Since NGC was launched in 2017, the registry catalog has grown to 41 containers, about half of which are aimed at users of deep learning and machine learning – primarily frameworks, support libraries, and development platforms. NGC supports the most popular frameworks, including the Caffe, TensorFlow, Torch, Chainer, MXNet, Microsoft Cognitive Toolkit, and Theano, as well as Nvidia’s own TensorRT. The field has become so dynamic that these frameworks and their associated containers are often updated on a monthly basis.
For the more traditional high performance computing crowd, the registry offers containers for scientific HPC codes. As of this writing, there are 14 such applications, not counting the half dozen devoted to specifically to HPC visualization.
Some of the most popular application suites in this category include GROMACS, NAMD, LAMMPS, CHROMA, and GAMESS. Keep in mind that there are more than 400 scientific computing applications currently supported by Nvidia for GPU acceleration, so it’s safe to assume that HPC containers in NGC is just getting started.
Nvidia also offers a handy container for PGI compilers and related tools, which can be used by developers for building HPC applications. It includes support for OpenACC, OpenMP and CUDA Fortran.
The catalyst for all this has been Singularity, a container technology that has been embraced by high performance computing users and is the one used by NGC. As Dell EMC engineer Nishanth Dandapanthula wrote in an article published here in 2018, application performance under Singularity tends of be on par with that of execution on bare metal. In fact, Dandapanthula reported less than a two percent performance penalty on the finite element analysis code LS-DYNA running under Singularity versus a bare metal cluster, noting that this was within the run-to-run variation. The deep learning Resnet50 code using Nvidia V100 GPUs also reported the same sub-two-percent performance delta.
A real-world use case exists at Clemson University, which is using NGC containers in conjunction with its own Palmetto HPC cluster. Palmetto has more than 2,000 Nvidia GPUs, some of which are the container-compatible V100s. Like any good academic HPC cluster, the system is used for scientific research in areas such as molecular dynamics, computational fluid dynamics, quantum chemistry, and deep learning. And like most systems of this ilk, it is in high demand from researchers.

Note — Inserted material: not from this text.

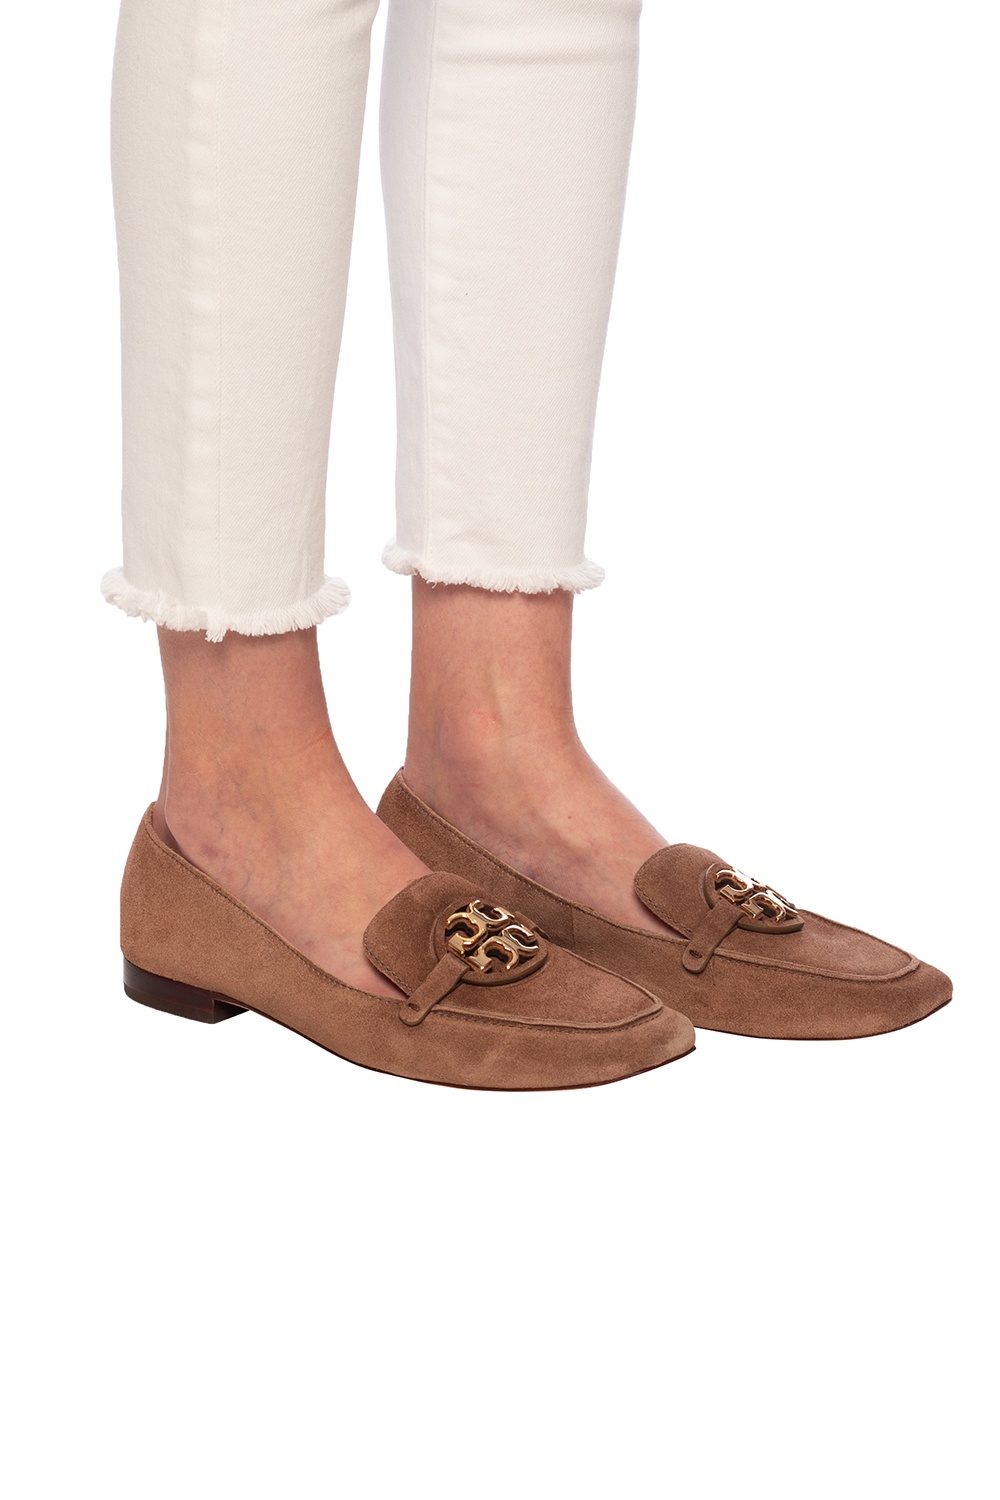 Tory Burch Suede loafers | Women's Shoes | Vitkac
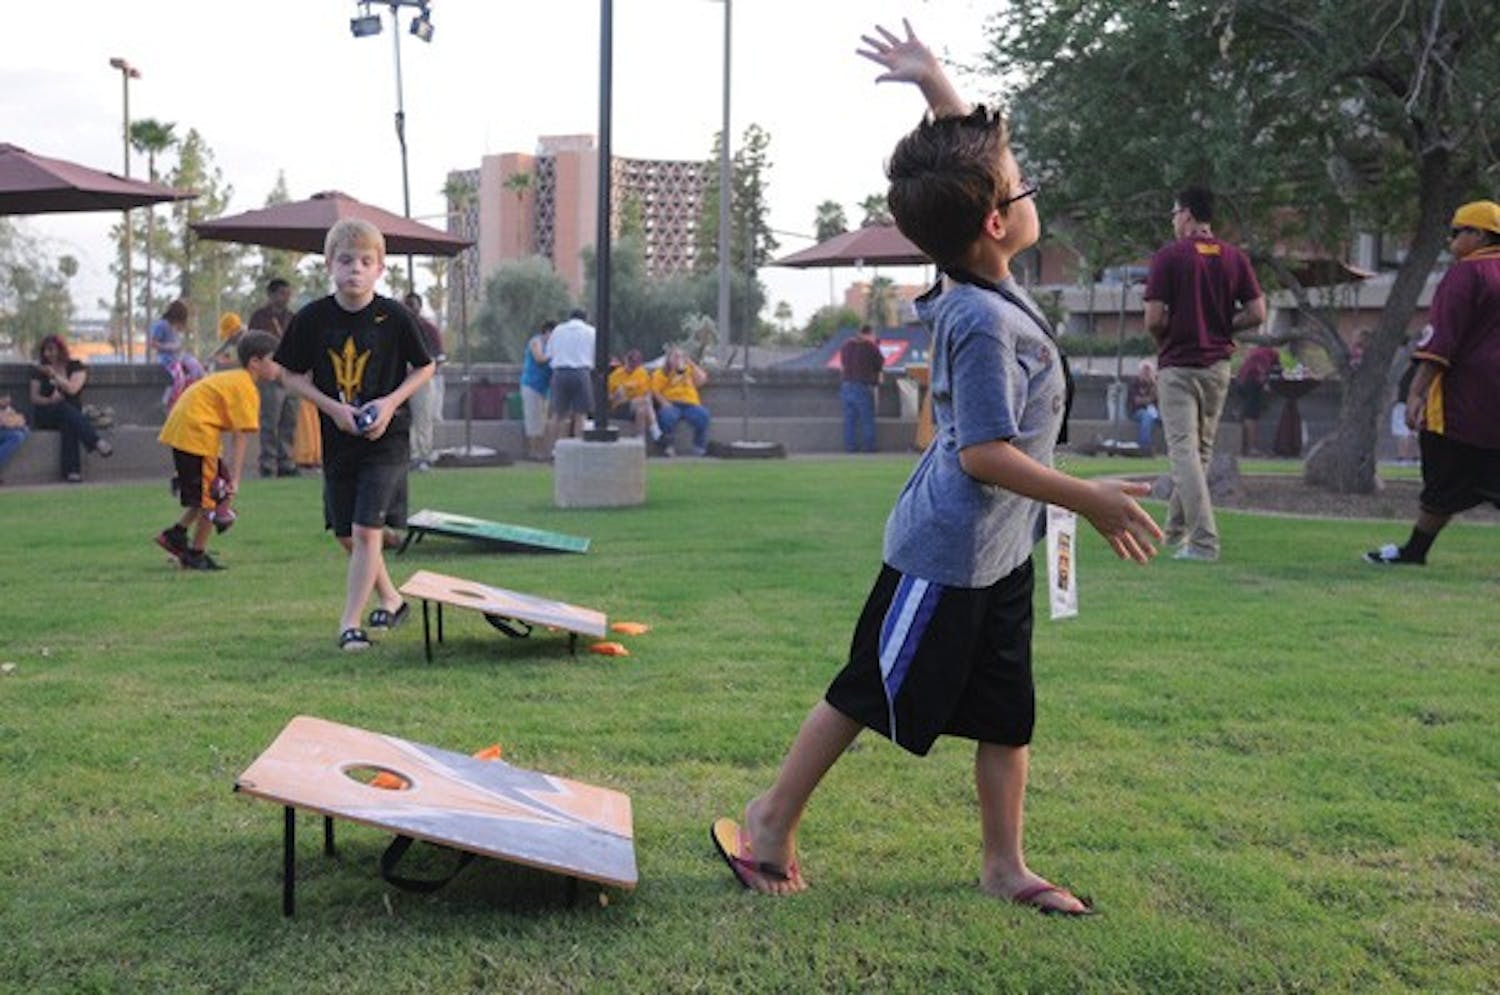 Young ASU fans play cornhole prior to the ASU vs. Utah game Sept. 22 at the Desert Arboretum Park on the Tempe campus. (Photo by Aaron Lavinsky)

Unfortunately, for these types of these environments, system administration is a full-time job. Researchers typically want the latest and greatest version of applications and libraries installed in order to take advantage of fixed bugs, new features, and performance tweaks. Some users, though, for reasons of compatibility or toolset limitations are tied to older versions of software. This makes administration a challenge, and in cases where different versions of the same libraries must co-exist, nearly impossible.
By adopting NGC containers at Clemson, researchers were able to avoid these kinds of conflicts. More importantly, they were able to bypass the fuss of system administration and bring up applications on their own using the relevant NGC container. According to Ashwin Srinath, a research facilitator in Clemson’s IT department, by spending less time on installing software, his group was able to devote more time to help researchers improve their workflows and parallelize their codes.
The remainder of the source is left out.